Evidence for massive and recurrent toxic blooms of Alexandrium catenella in the Alaskan Arctic

1 Biology Department, Woods Hole Oceanographic Institution, Woods Hole MA 02543, USA
2 Physical Oceanography Department, Woods Hole Oceanographic Institution, Woods Hole MA 02543, USA
3 Environmental and Fisheries Sciences Division, Northwest Fisheries Science Center, National Marine Fisheries Service, NOAA, 2725 Montlake Blvd. East, Seattle, WA 98112, USA
4 University of Maryland Center for Environmental Sciences, Chesapeake Biological Laboratory, Solomons, MD 20688, USA
5 College of Fisheries and Ocean Sciences, University of Alaska Fairbanks, Fairbanks AK 99775, USA,
6 South China Sea Environmental Monitoring Center, State Oceanic Administration, Guangzhou 510300, P.R. China
7 Graduate School of Environmental Science, Hokkaido University, North 10 West 5, Kita-ku, Sapporo, Hokkaido, 060-0810, Japan


Among the organisms that spread into and flourish in Arctic waters with rising temperatures and sea ice loss are toxic algae, a group of harmful algal bloom (HAB) species that produce potent biotoxins. Alexandrium catenella, a cyst-forming dinoflagellate that causes paralytic shellfish poisoning (PSP) throughout the world, has been observed in Alaskan waters for decades and is known to be transported into Arctic regions in waters transiting northward through Bering Strait, yet there is little recognition of this organism as a human health concern north of the Strait. Here we describe an exceptionally large A. catenella benthic cyst bed and hydrographic conditions across the Chukchi Sea that support germination and development of recurrent, self-initiating, and self-seeding blooms. Two prominent cyst accumulation zones result from deposition promoted by weak circulation. Cyst concentrations are among the highest reported globally for this species and the cyst bed is at least 6X larger in area than any other.
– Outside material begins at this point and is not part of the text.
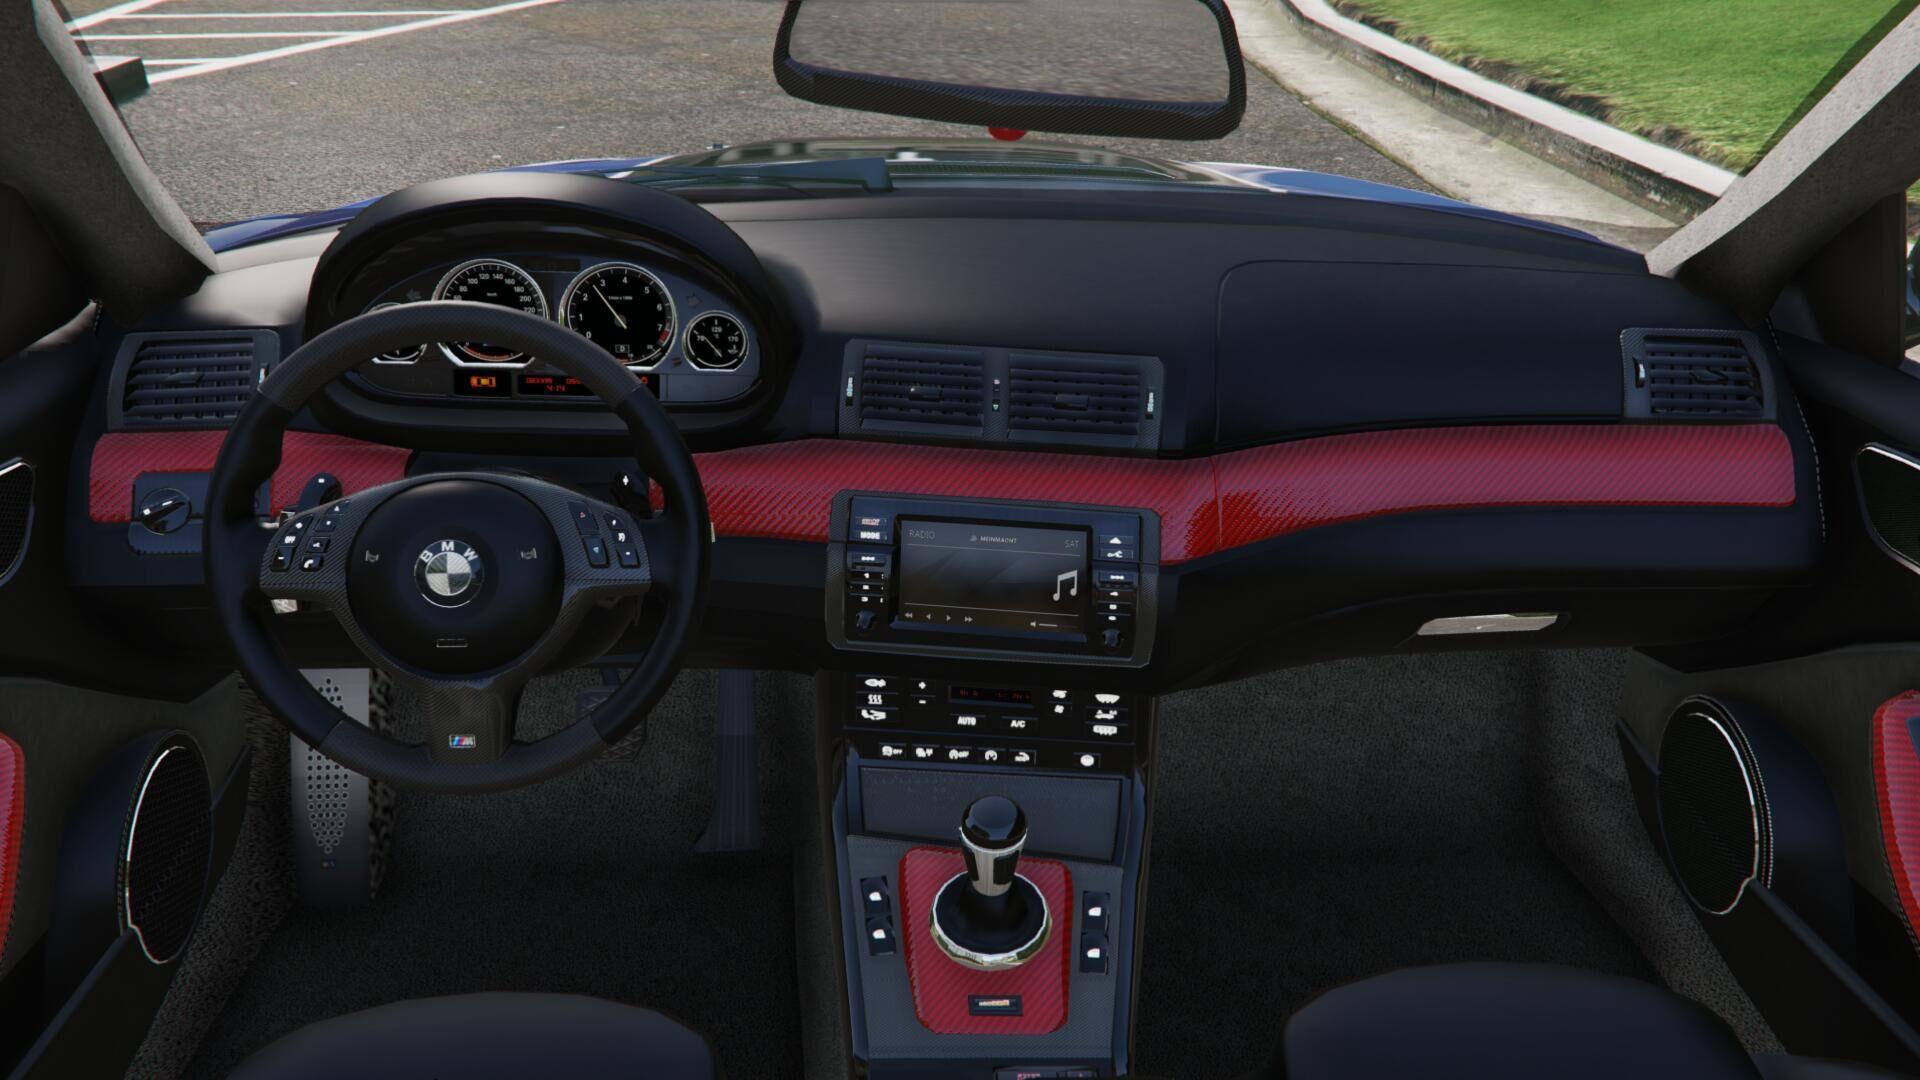 cars gta bmw sport lovely mod mods marvelous of aratorn youtube

These extraordinary accumulations are attributed to repeated inputs from advected southern blooms and to localized cyst formation and deposition. Over the last two decades, warming has likely increased the magnitude of the germination flux two-fold and advanced the timing of cell inoculation into the euphotic zone by 20 days. Conditions are also now favorable for bloom development in surface waters. The region is poised to support annually recurrent A. catenella blooms that are unprecedented in scale, posing a significant and worrisome threat to public and ecosystem health in Alaskan Arctic communities where economies are subsistence based.